24
Катя стоит у окна, спиной ко мне.
Я вижу её сначала со спины — дорогой домашний костюм, волосы уложены даже дома, ногти накрашены идеально. Всё как обычно. Она всегда идеальная. Даже когда не выходит из комнаты.
Потом она поворачивается.
И я перестаю дышать.
Её лицо. Скулы — синие, с жёлтым отливом по краям. Губа разбита, запеклась, чёрная корка посередине. Под глазом — фиолетовый полумесяц, такой плотный, что кажется, если нажать, он не побледнеет.
— Катя… — выдыхаю я.
Она отводит взгляд. Пожимает плечом. Одно. Левым. И тут же морщится — видимо, больно.
— Это ничего. Я упала.
— Упала, — повторяю я. Голос чужой. Не мой. — Ты упала. С какой высоты, Катя? С пятого этажа?
Она молчит. Смотрит в пол. На лице выражение — закрытое, чужое, как у незнакомки.
— Катя, кто это сделал?
— Я сказала — упала. Отстань.
— Не отстану. Ты вся в синяках. У тебя на шее следы пальцев.
— Следи за собой, — она дёргает плечом, отворачивается. — В конце концов, не твоё дело.
— Не моё дело? Ты моя дочь.
— Всё, мам, хватит. Не надо из себя заботливую строить. Не было тебя никогда, и сейчас не надо.
Она уходит в свою комнату. Хлопает дверью так, что стены дрожат.
Я стою в коридоре. Смотрю на закрытую дверь. На её ручку. На щель под ней, откуда пробивается свет.
Слышу, как она ходит по комнате. Шаги быстрые, злые. Потом — тишина.
А потом я слышу это.
Плач.
Не громкий. Не истерика. Она давит его, зажимает ртом, чтобы я не услышала. Но я слышу. Эти всхлипы, эти судорожные вдохи, это то, как она, наверное, закусила край подушки.

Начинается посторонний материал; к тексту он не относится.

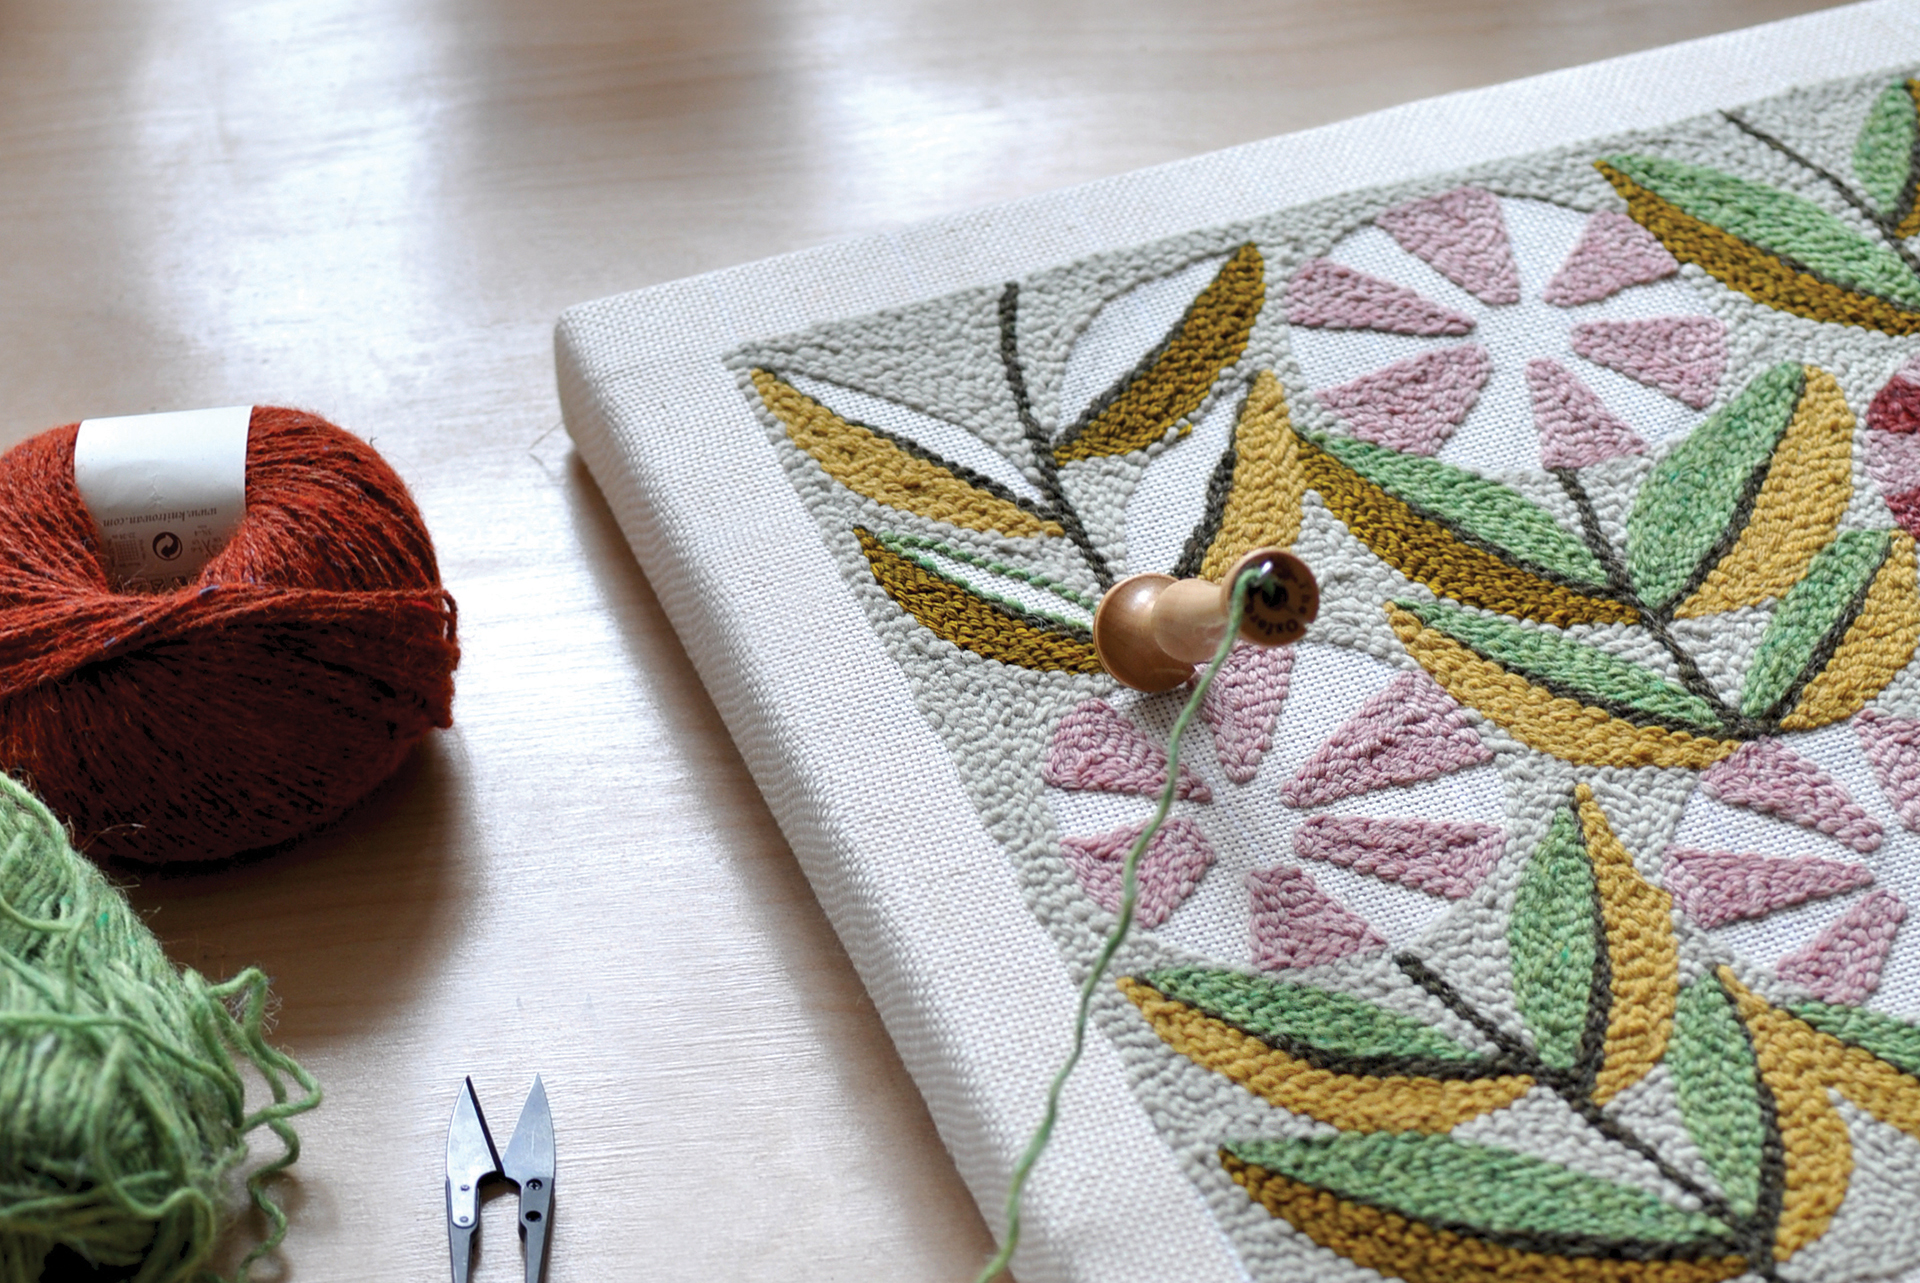 Floral Punch Needle Kit Landscape Rug Yarn Hooking Beginner Kit

Я стою под дверью. Смотрю на её ручку. Вспоминаю, как она была маленькой. Как после школы закрывалась в комнате, потому что дразнили «дочкой уборщицы». Как я стояла тогда под дверью, так же, как сейчас, и не знала, что делать.
Сейчас знаю.
Я открываю дверь.
Она сидит на кровати, поджав ноги, обхватив колени руками. Лицо прячет. Волосы растрепались, упали на лицо. Плечи трясутся.
Я сажусь рядом. Молча. Не обнимаю — она не любит, когда я её трогаю без спроса. Просто сижу, смотрю на её макушку, на тёмные волосы, которые я расчёсывала, когда ей было пять, и она кричала, что больно, а я говорила: «Потерпи, дочка, красота требует жертв».

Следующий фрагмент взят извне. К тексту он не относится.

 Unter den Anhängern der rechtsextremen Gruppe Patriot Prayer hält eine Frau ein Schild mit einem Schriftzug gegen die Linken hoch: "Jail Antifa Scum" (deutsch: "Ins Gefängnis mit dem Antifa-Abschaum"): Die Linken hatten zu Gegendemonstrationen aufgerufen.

Теперь красота требует другого.
Я протягиваю руку. Осторожно, медленно, как тогда, когда она была маленькой и я боялась её спугнуть. Кладу ладонь на её голову. Начинаю гладить.
Она дёргается. Но не отстраняется.
— Не надо, — говорит сквозь всхлипы. Голос мокрый, детский. Не тот, которым она огрызалась минуту назад.
— Надо, — говорю я. И продолжаю.
Волосы у неё мягкие, я забыла, какие мягкие. Я глажу их, как тогда, после школы, когда она плакала из-за двойки, из-за мальчишки, из-за того, что у всех есть, а у неё нет. Я глажу и жду.
Она плачет. Долго. Всхлипы затихают, снова накатывают, потом снова затихают. Моя рука не останавливается. Я глажу её по волосам, по плечу, по спине. Она не отстраняется. И это — всё.
— Мам, — говорит она наконец. Голос тихий, сломленный.
— Я здесь.
— Мам, я попала в беду.
— Я вижу, дочка.
— Большую. Очень большую.
Она поднимает голову. Смотрит на меня. Глаза красные, распухшие, на щеках — дорожки от слёз. И под ними — страх. Такой, от которого мне становится холодно.
— Рассказывай, — говорю я.
Она отворачивается. Смотрит в стену. Обхватывает колени руками, прижимает к груди.
— Я должна три миллиона, — говорит она. Тихо. Будто не мне, будто стене. — Вернее, уже три пятьсот. С процентами.